3 files changed, 226 insertions(+), 1 deletion(-)
Given the existence of resolve-relative-reference, it is easy to expect
http-request to do redirection. I think it would be best to adjust to
the documentation of http-request / http-get / ... to mention whether
automatic redirection is done or not.
+(define (resolve-relative-reference base relative)
+ "Resolve @var{relative} on top of @var{base}, as RFC3986, section 5.2."
I don't like the mutation, but it's a completely deterministic procedure
(ignoring memory allocation) so it can't cause problems and hence I
suppose it's not worth rewriting (unless you or someone else really
wants to rewrite it, I suppose).
I suppose it also avoids the risk of accidentally deviating from the RFC
it is supposed to implement, which is major advantage of sticking with
the mutation.
I like that you say _which_ resolution method you are using instead of
saying or implying that this is the always the _right_ way of resolving
relative references, because some URI schemes are rather quirky.
(I don't know any quirkiness w.r.t. relative references, but wouldn't be
surprised if it exists.)
Also I think it's worth stating that both base and relative are URIs --
with the current docstring, I find (resolve-... uri "./whatever") a
reasonable thing to do.
IIUC, there currently is nothing preventing
(resolve-... (uri object for "https://example.com/a")

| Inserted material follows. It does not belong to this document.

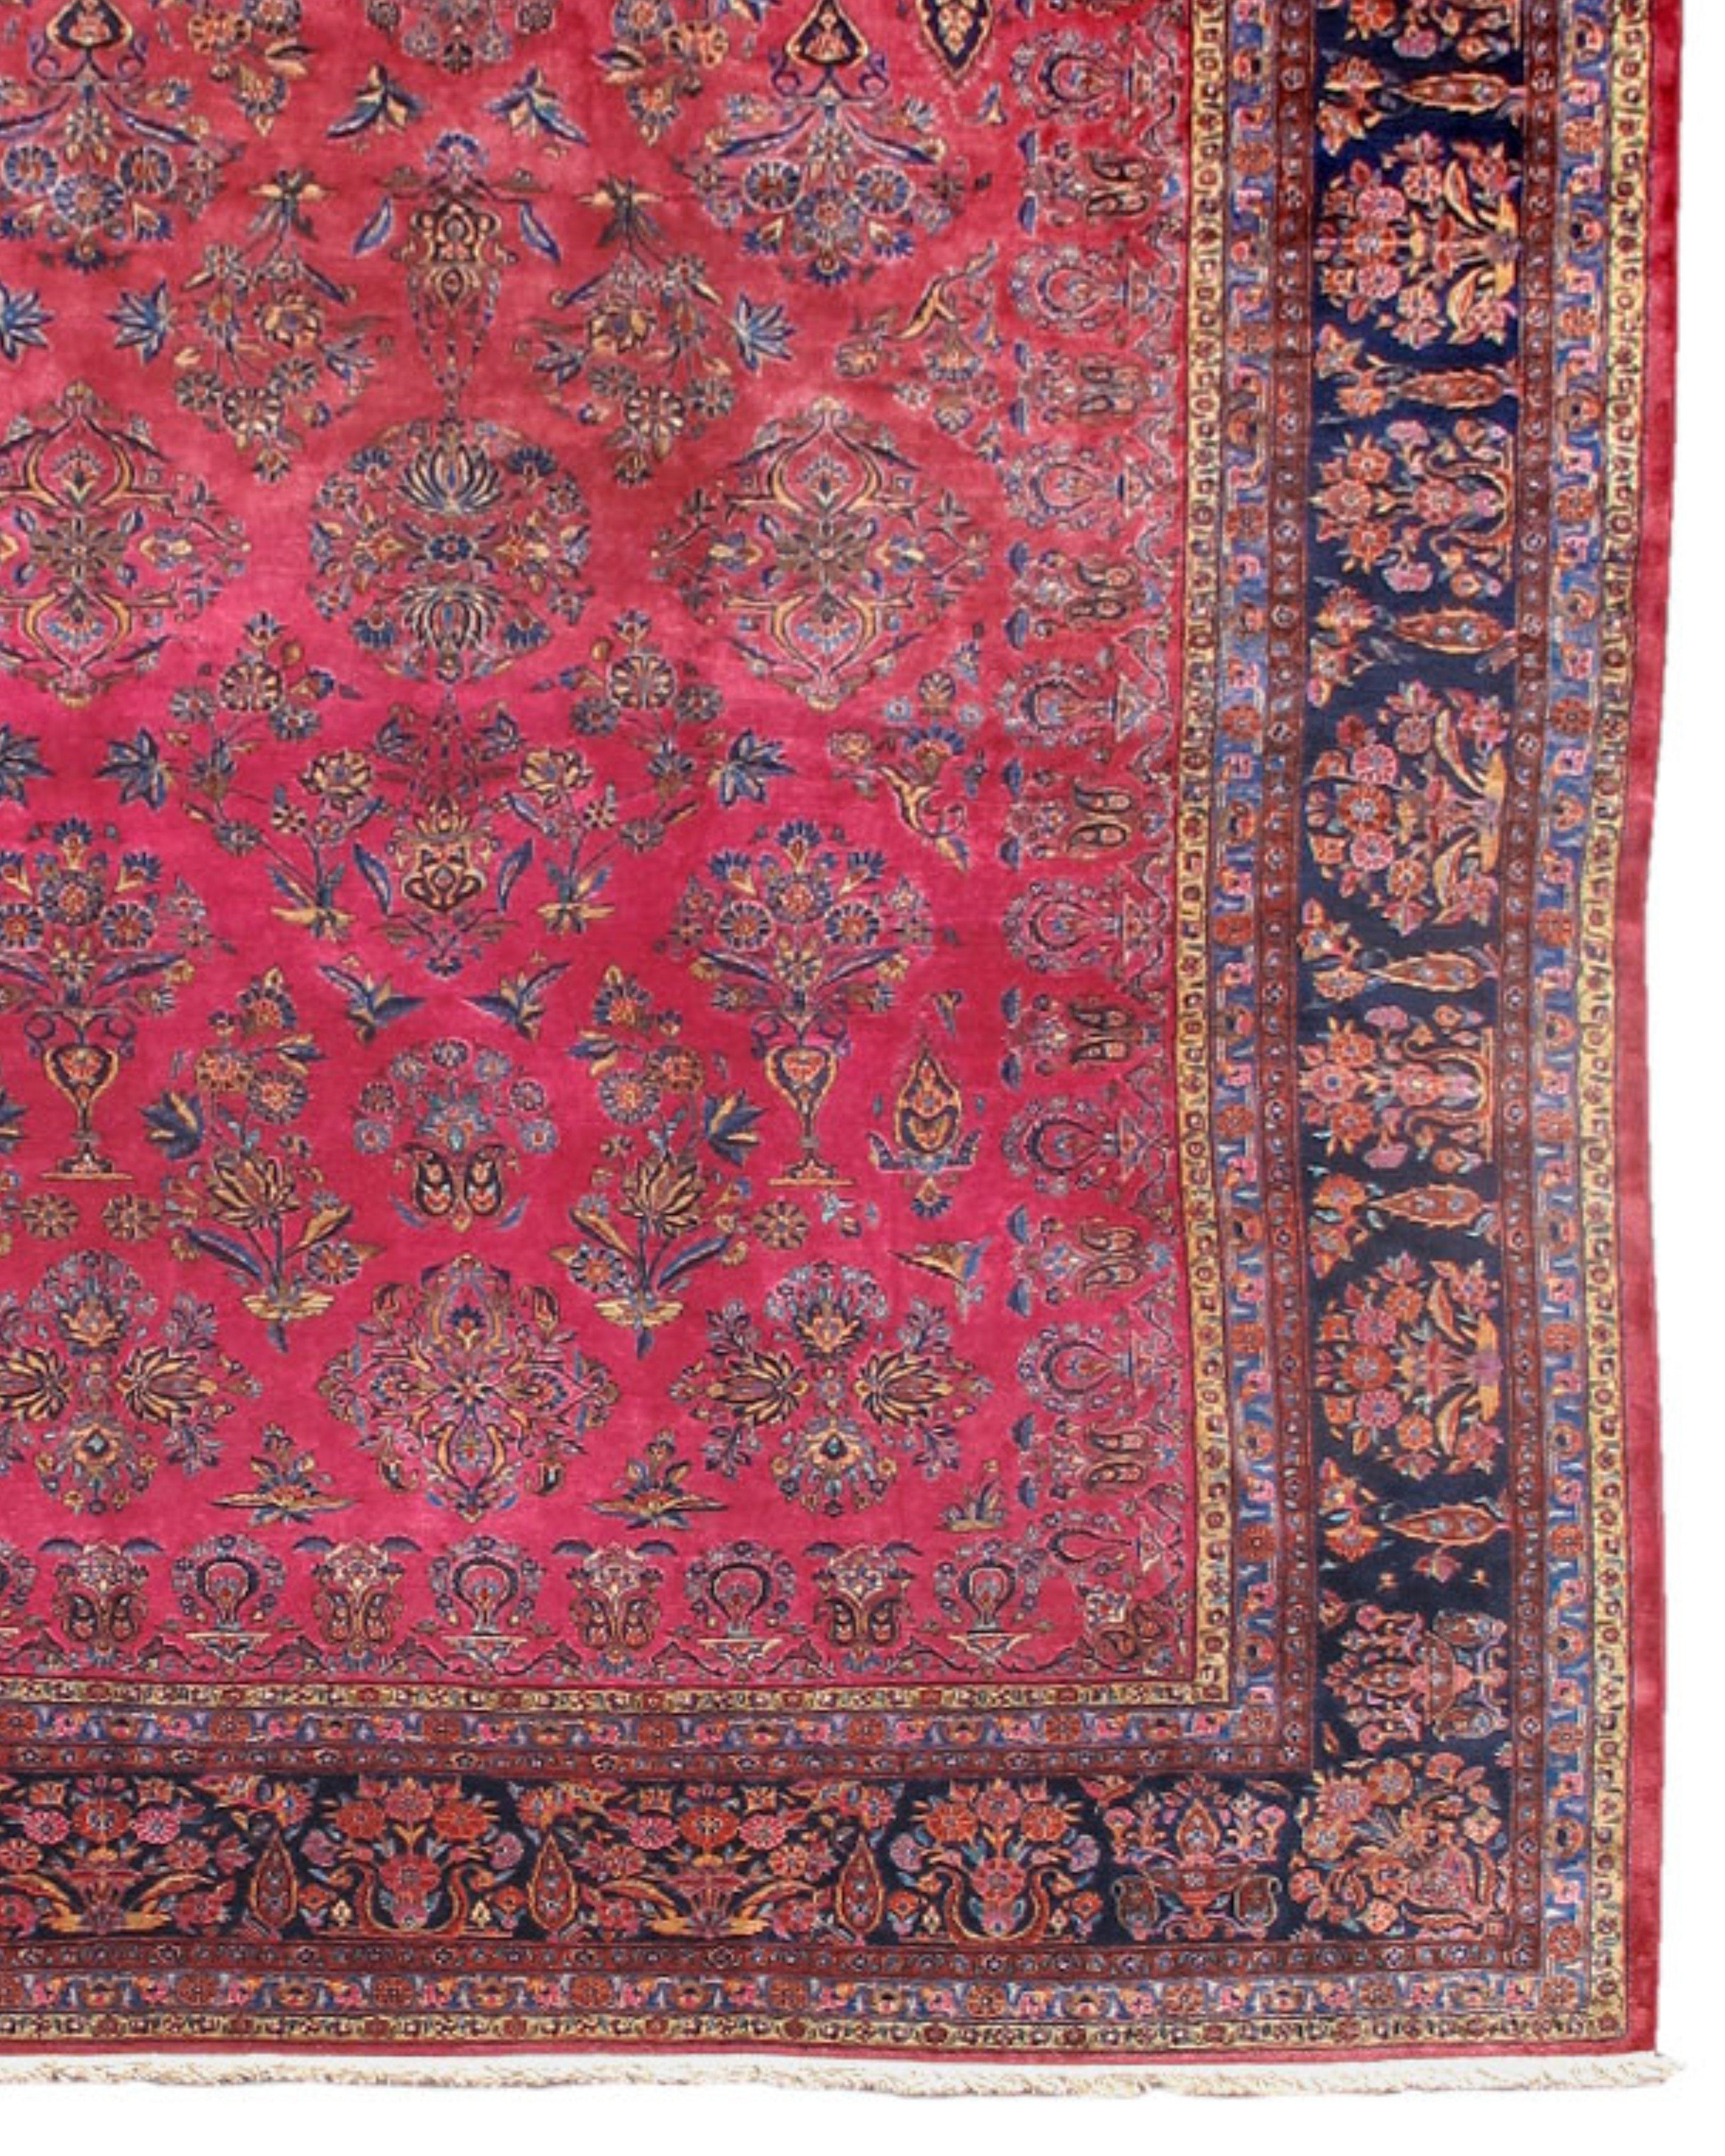 20th Century Large Antique Persian Kashan Carpet, c. 1930 For Sale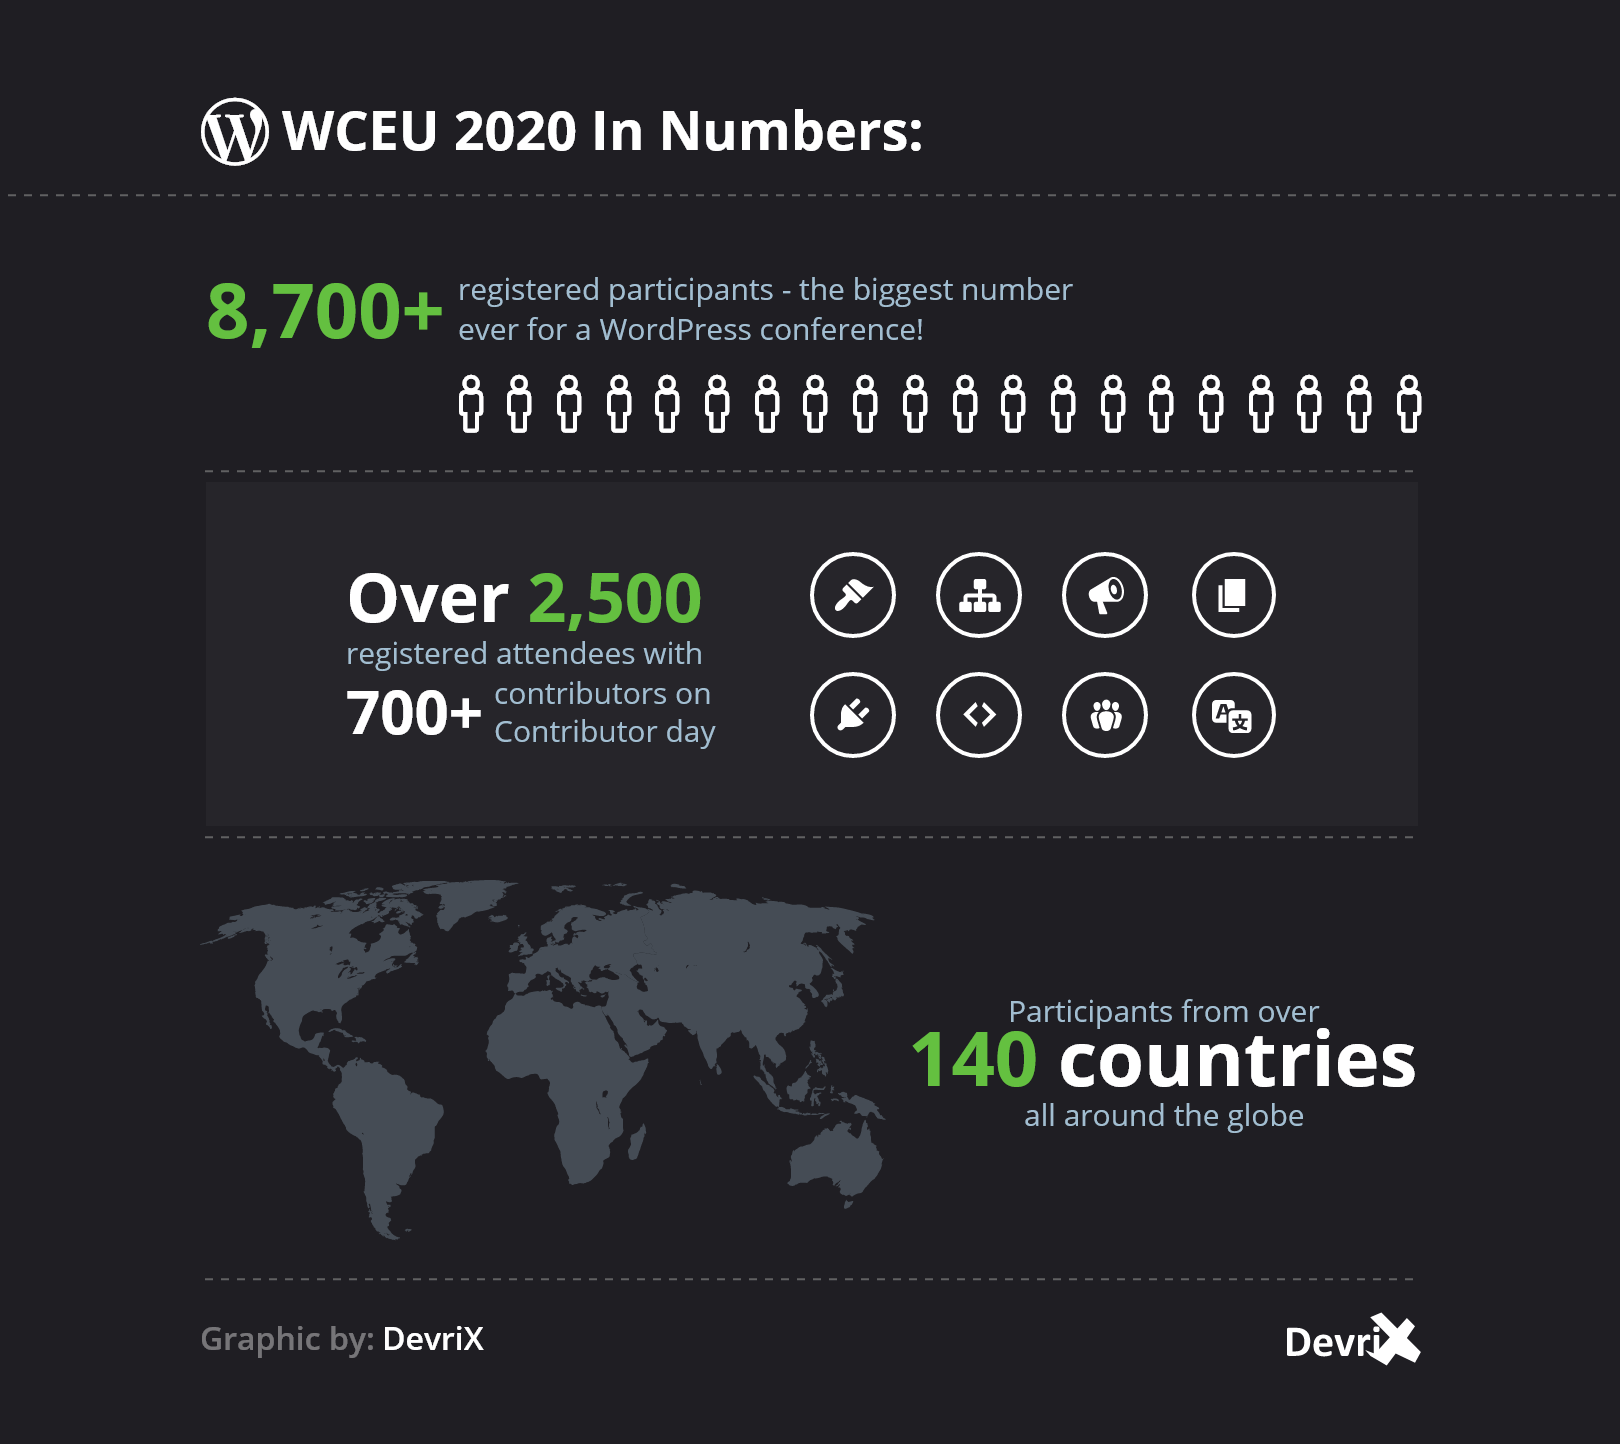 WCEU 2020 in numbers

(uri object for "https://example.com/b")).
IIUC, this is supposed to return (uri object for
"https://example.com/b"), but that could be more explicit with a change
of variable name.
(define (resolve-... base maybe-relative)
[...])
+(with-test-prefix "resolve relative reference"
+ ;; Test suite in RFC3986, section 5.4.
+ (let ((base (string->uri "http://a/b/c/d;p?q"))
+ (equal/encoded?
+ ;; The test suite checks for ';' characters, but Guile escapes
+ ;; them in URIs. Same for '='.
IIUC, that's a bug!
6.2.2.2. Percent-Encoding Normalization
The percent-encoding mechanism (Section 2.1) is a frequent source of
variance among otherwise identical URIs. In addition to the case
normalization issue noted above, some URI producers percent-encode
octets that do not require percent-encoding, resulting in URIs that
are equivalent to their non-encoded counterparts. __These URIs
__should be normalized by decoding any percent-encoded octet that
corresponds to an unreserved character, as described in
Section 2.3.__
(Emphasis added.)
I am assuming here that ; is an unreserved character, if it isn't, there
isn't a bug here.
However, I sense a lack of normalisation in resolve-relative-reference,
so unless Guile already does normalisation elsewhere (perhaps it does
during the URI object construction?), there might be a bug here -- ok,
technically perhaps not a bug because the docstring only mentions
‘implements section 5.2 and 5.2. doesn't seem to mention section 6 (and
section 6 says ‘should’, not ‘shall/must’, but some people use ‘should’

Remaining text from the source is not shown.